▶ **Action item**
The number of lines with the string "Women" in the listing below is all that should be reported.

>>

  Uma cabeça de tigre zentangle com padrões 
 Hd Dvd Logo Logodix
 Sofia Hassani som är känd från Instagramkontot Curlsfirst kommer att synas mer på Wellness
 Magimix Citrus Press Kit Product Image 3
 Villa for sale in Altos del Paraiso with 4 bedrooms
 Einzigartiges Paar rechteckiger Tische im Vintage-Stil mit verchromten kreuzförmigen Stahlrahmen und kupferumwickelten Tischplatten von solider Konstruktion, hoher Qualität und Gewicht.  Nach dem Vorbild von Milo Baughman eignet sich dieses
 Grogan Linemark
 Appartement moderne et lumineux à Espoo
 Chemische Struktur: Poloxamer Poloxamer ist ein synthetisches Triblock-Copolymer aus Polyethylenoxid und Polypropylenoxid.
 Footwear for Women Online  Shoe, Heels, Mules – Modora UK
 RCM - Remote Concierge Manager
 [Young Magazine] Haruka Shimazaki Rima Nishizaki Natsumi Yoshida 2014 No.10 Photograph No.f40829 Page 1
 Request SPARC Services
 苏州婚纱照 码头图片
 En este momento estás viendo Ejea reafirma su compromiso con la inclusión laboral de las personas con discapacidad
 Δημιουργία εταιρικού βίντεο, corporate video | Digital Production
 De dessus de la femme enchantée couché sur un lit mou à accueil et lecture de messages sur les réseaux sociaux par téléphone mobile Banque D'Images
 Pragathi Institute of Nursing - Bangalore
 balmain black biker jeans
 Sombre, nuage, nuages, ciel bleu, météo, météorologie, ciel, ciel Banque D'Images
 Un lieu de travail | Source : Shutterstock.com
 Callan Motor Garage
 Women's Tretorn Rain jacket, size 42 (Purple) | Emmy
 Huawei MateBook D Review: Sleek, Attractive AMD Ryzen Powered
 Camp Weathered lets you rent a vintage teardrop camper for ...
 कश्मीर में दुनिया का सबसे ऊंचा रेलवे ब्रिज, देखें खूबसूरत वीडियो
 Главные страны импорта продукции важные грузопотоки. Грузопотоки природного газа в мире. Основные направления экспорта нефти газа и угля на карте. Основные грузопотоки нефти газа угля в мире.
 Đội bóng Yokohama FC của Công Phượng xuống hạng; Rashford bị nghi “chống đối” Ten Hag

<<

▶ **Exercise result**
2